[Records to process — start]

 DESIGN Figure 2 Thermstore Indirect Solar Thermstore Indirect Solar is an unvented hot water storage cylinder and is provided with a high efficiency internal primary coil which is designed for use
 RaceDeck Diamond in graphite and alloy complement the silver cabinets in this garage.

[Records to process — finish]
[Records to process — start]

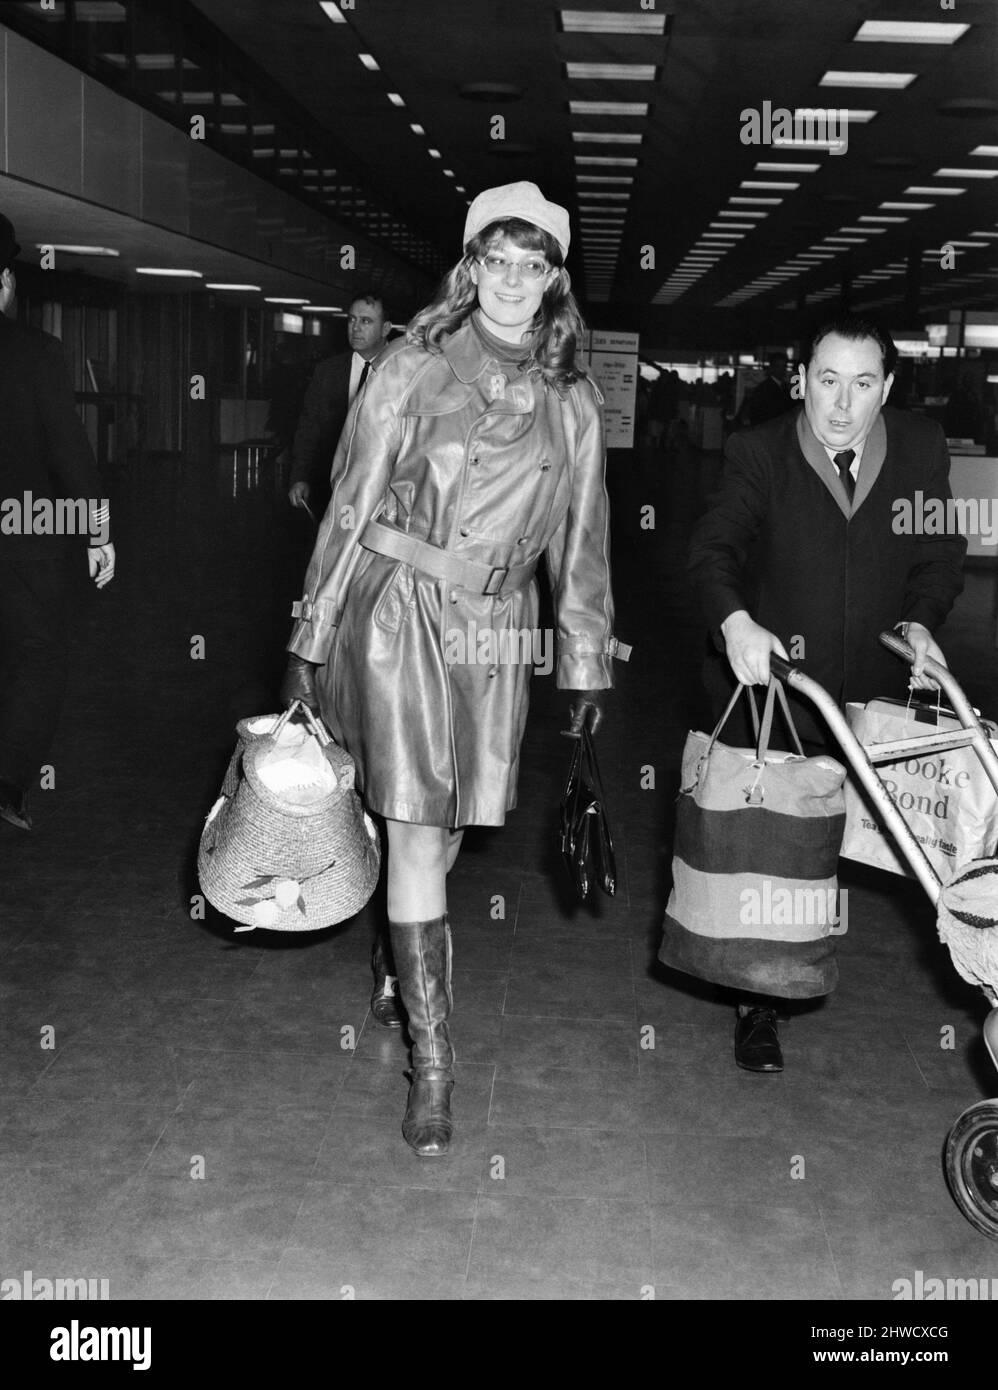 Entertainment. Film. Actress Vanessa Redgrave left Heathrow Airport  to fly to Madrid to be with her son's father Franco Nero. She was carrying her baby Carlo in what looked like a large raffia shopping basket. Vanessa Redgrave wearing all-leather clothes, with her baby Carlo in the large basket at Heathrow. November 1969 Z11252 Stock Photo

[Records to process — finish]
[Records to process — start]

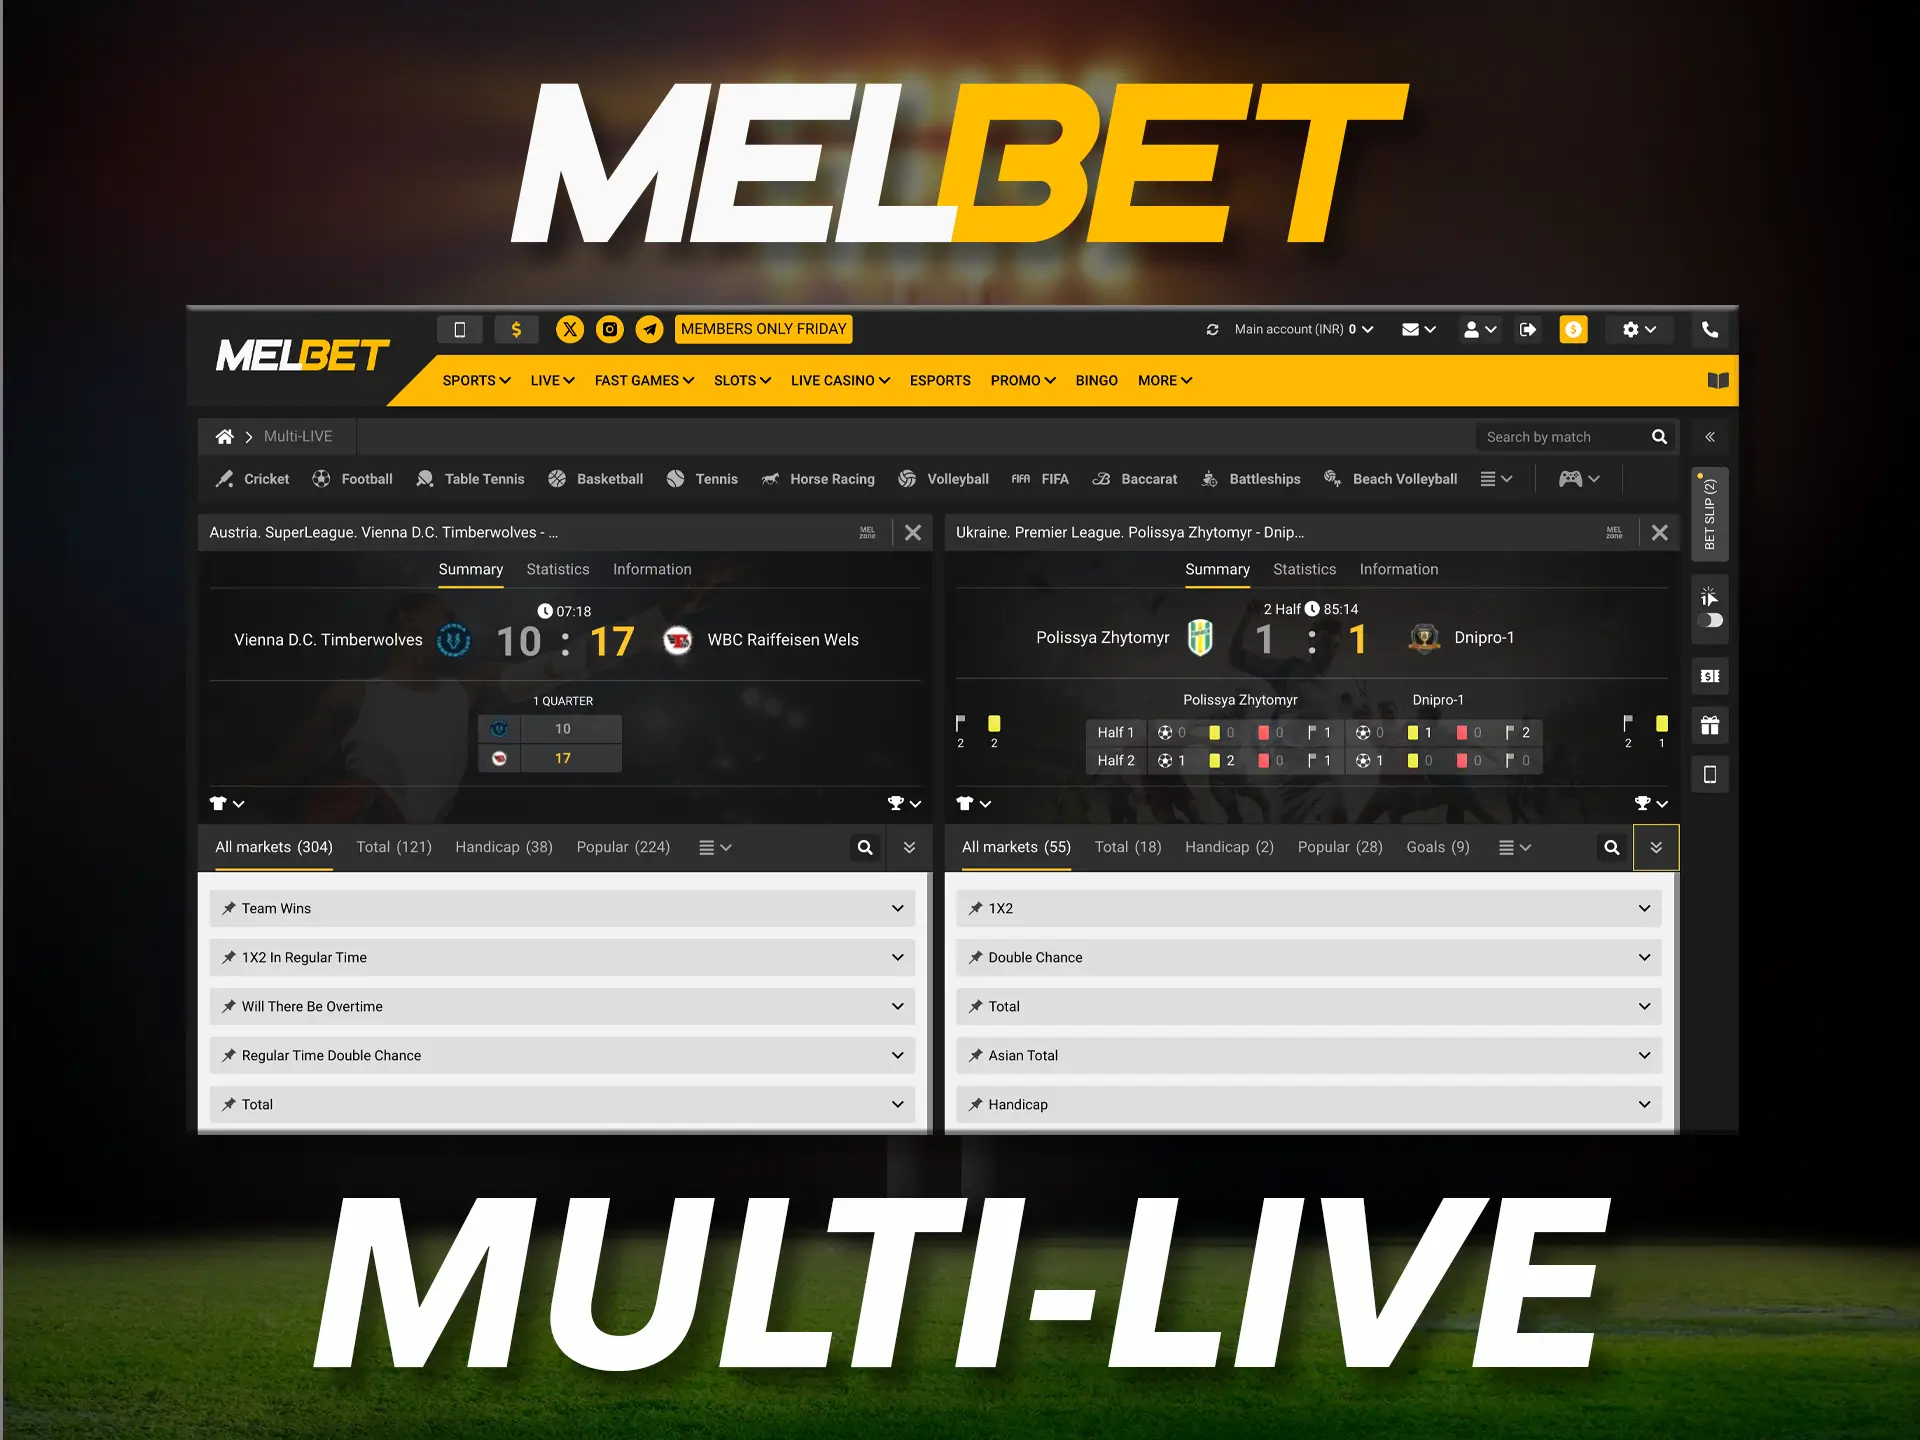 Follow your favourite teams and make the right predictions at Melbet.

[Records to process — finish]

→ **Task to complete**:
Return exactly, and only, the lines above starting at the line that contains "DESIGN Figure 2" and ending at the line that contains "RaceDeck Diamond in".

→ **Finished task**:
 DESIGN Figure 2 Thermstore Indirect Solar Thermstore Indirect Solar is an unvented hot water storage cylinder and is provided with a high efficiency internal primary coil which is designed for use
 RaceDeck Diamond in graphite and alloy complement the silver cabinets in this garage.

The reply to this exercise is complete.